■ Given information
⟨
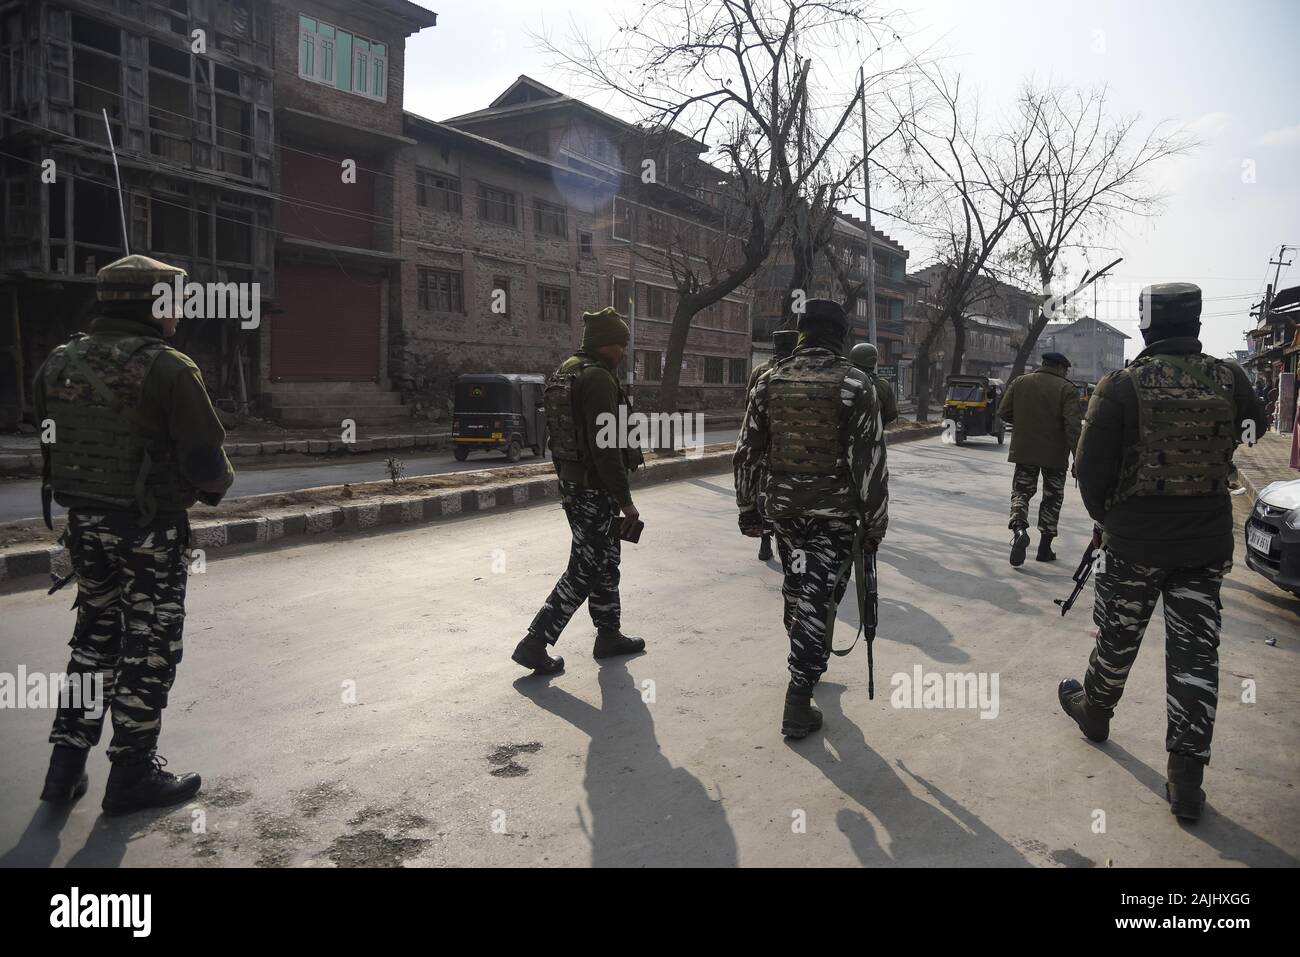 Les forces paramilitaires indiennes patrouille près de la place d'explosion à Srinagar.Un garçon de 17 ans a été blessé après l'explosion d'une grenade a eu lieu à Kawdara secteur du centre-ville de Srinagar Cachemire sous administration indienne. Banque D'Images
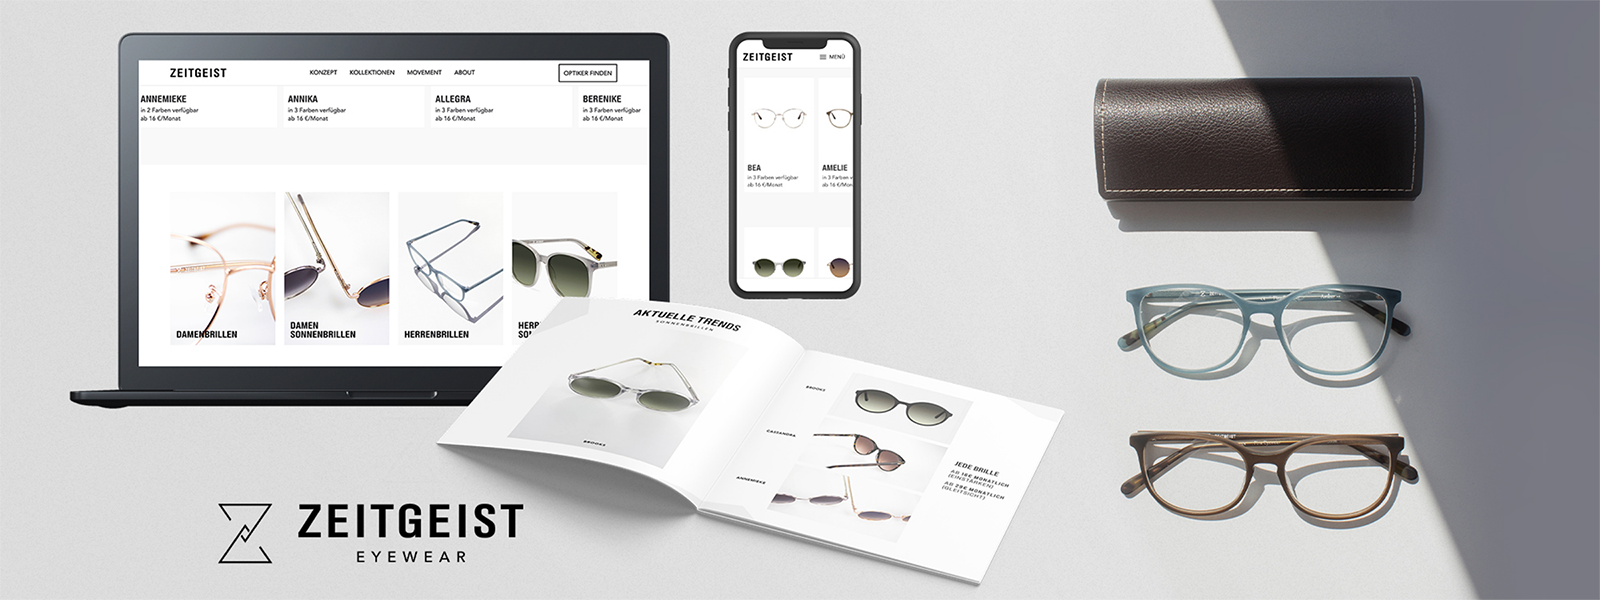 Grafikdesign und Webdesign für Brillenlabel - Portfolio Agentur Rocktician
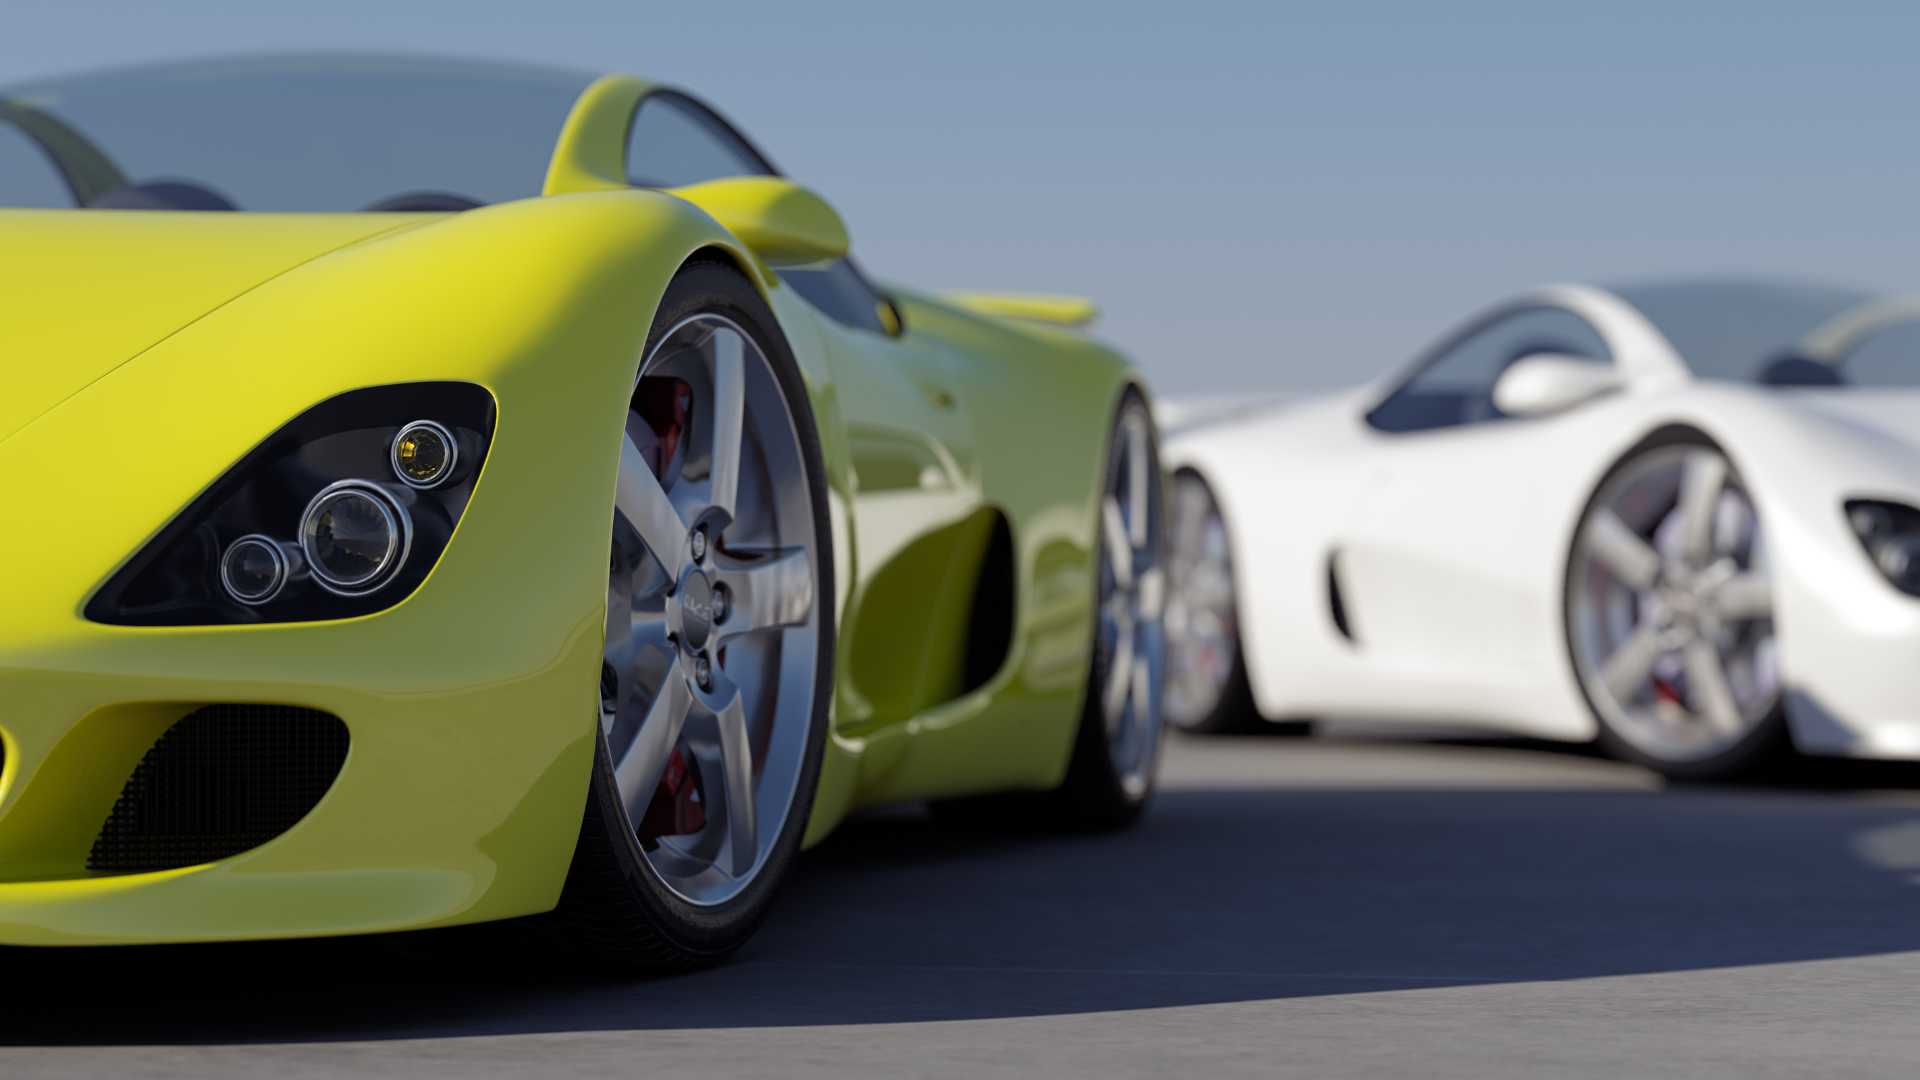 deux voitures de sport jaune et blanche
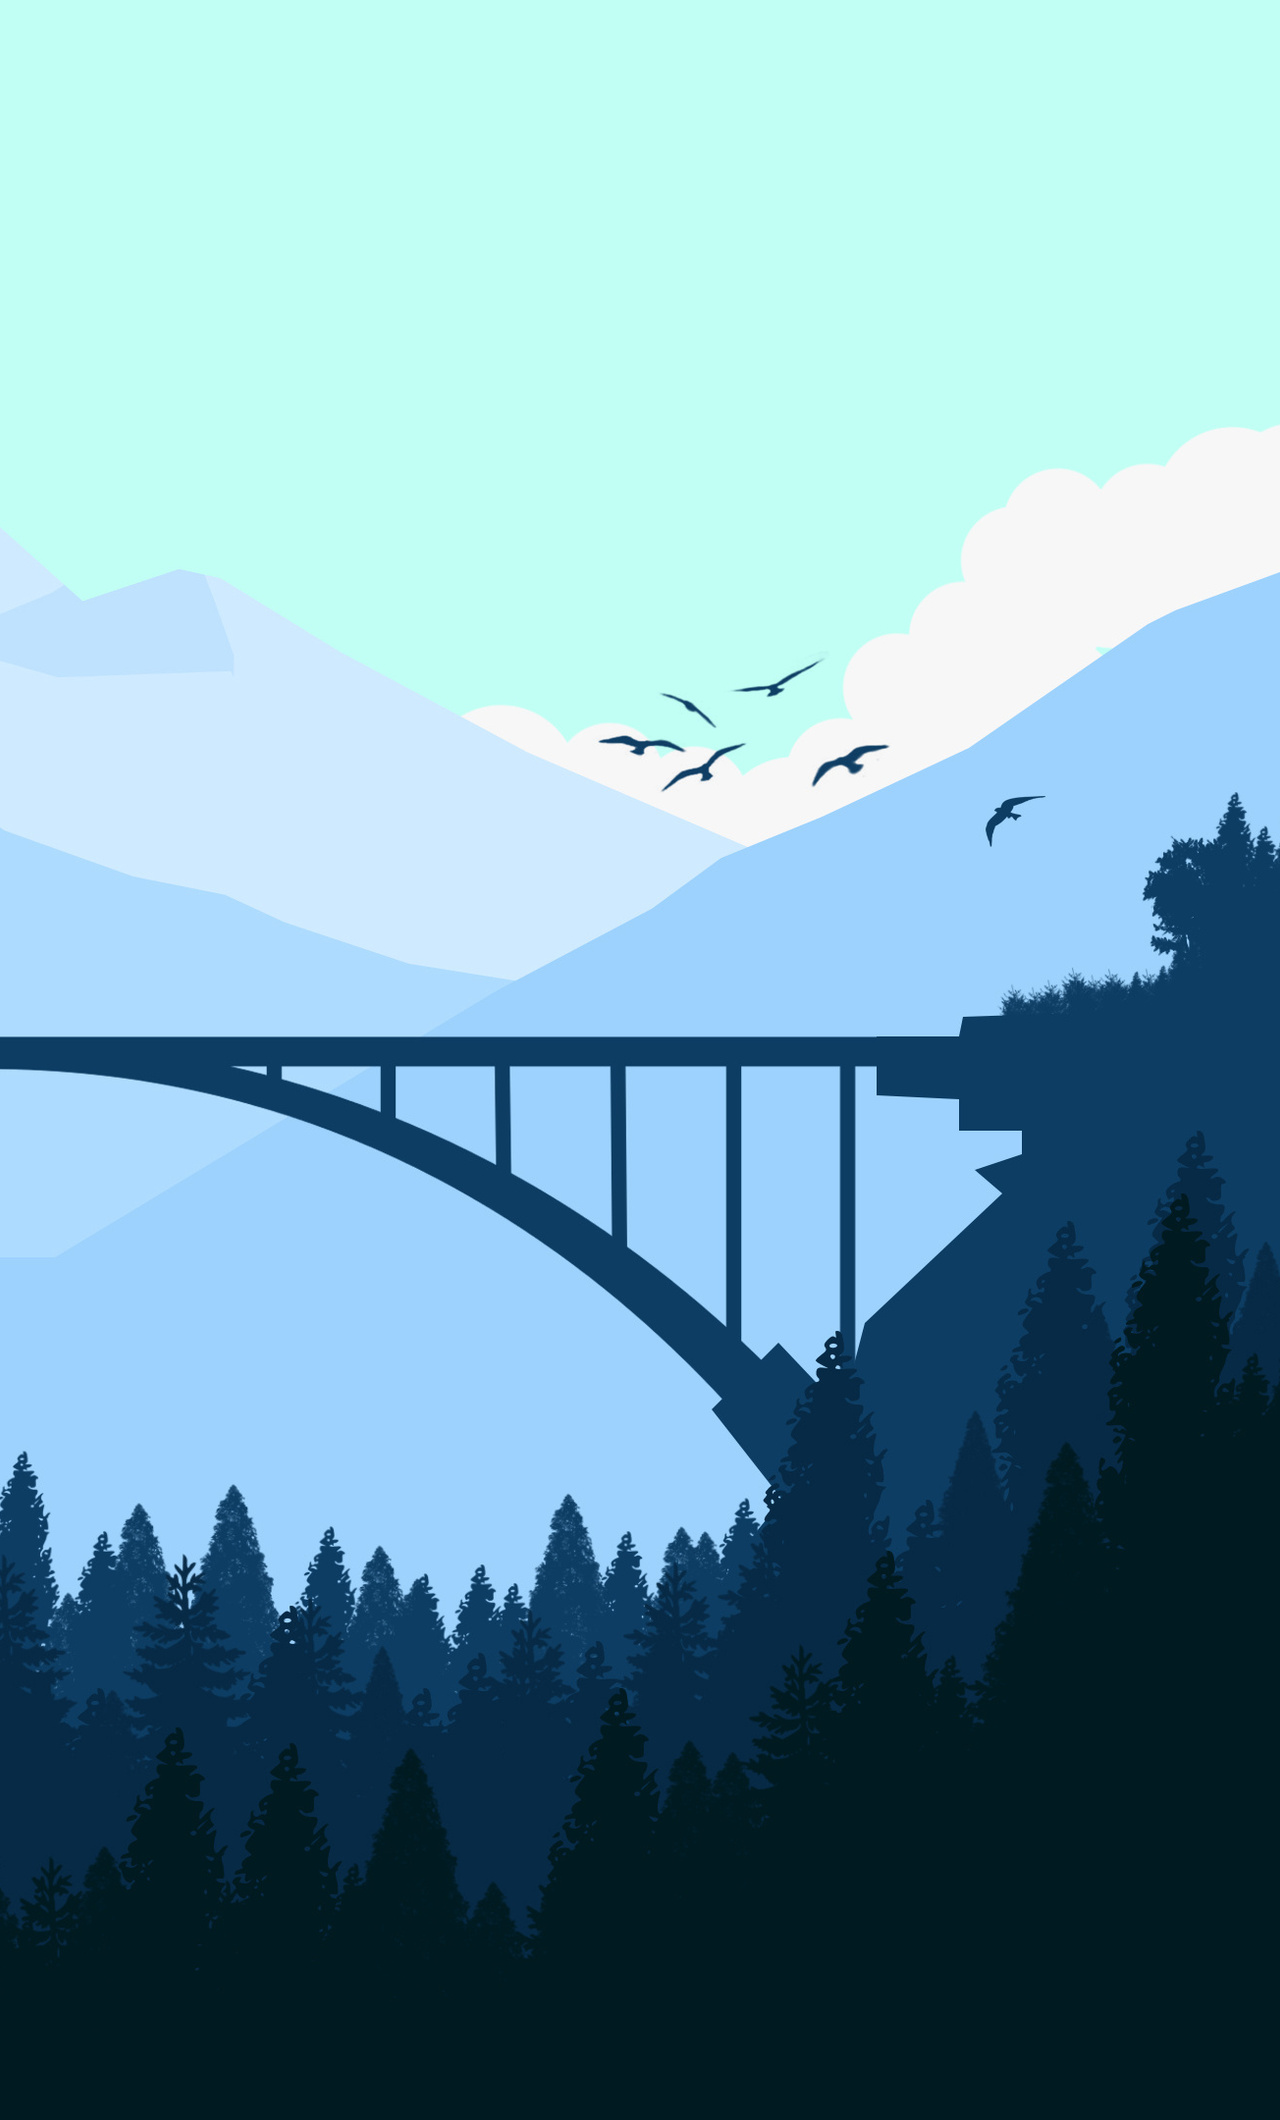 Minimalist Bridge Between Mountains Wallpapers
⟩
■ What you need to do
Word-for-word restatement: every line from the one with "deux voitures de sport jaune et blanche" through the final line of the data, both ends included, pictures excluded.

■ Response to this exercise
 deux voitures de sport jaune et blanche
 Minimalist Bridge Between Mountains Wallpapers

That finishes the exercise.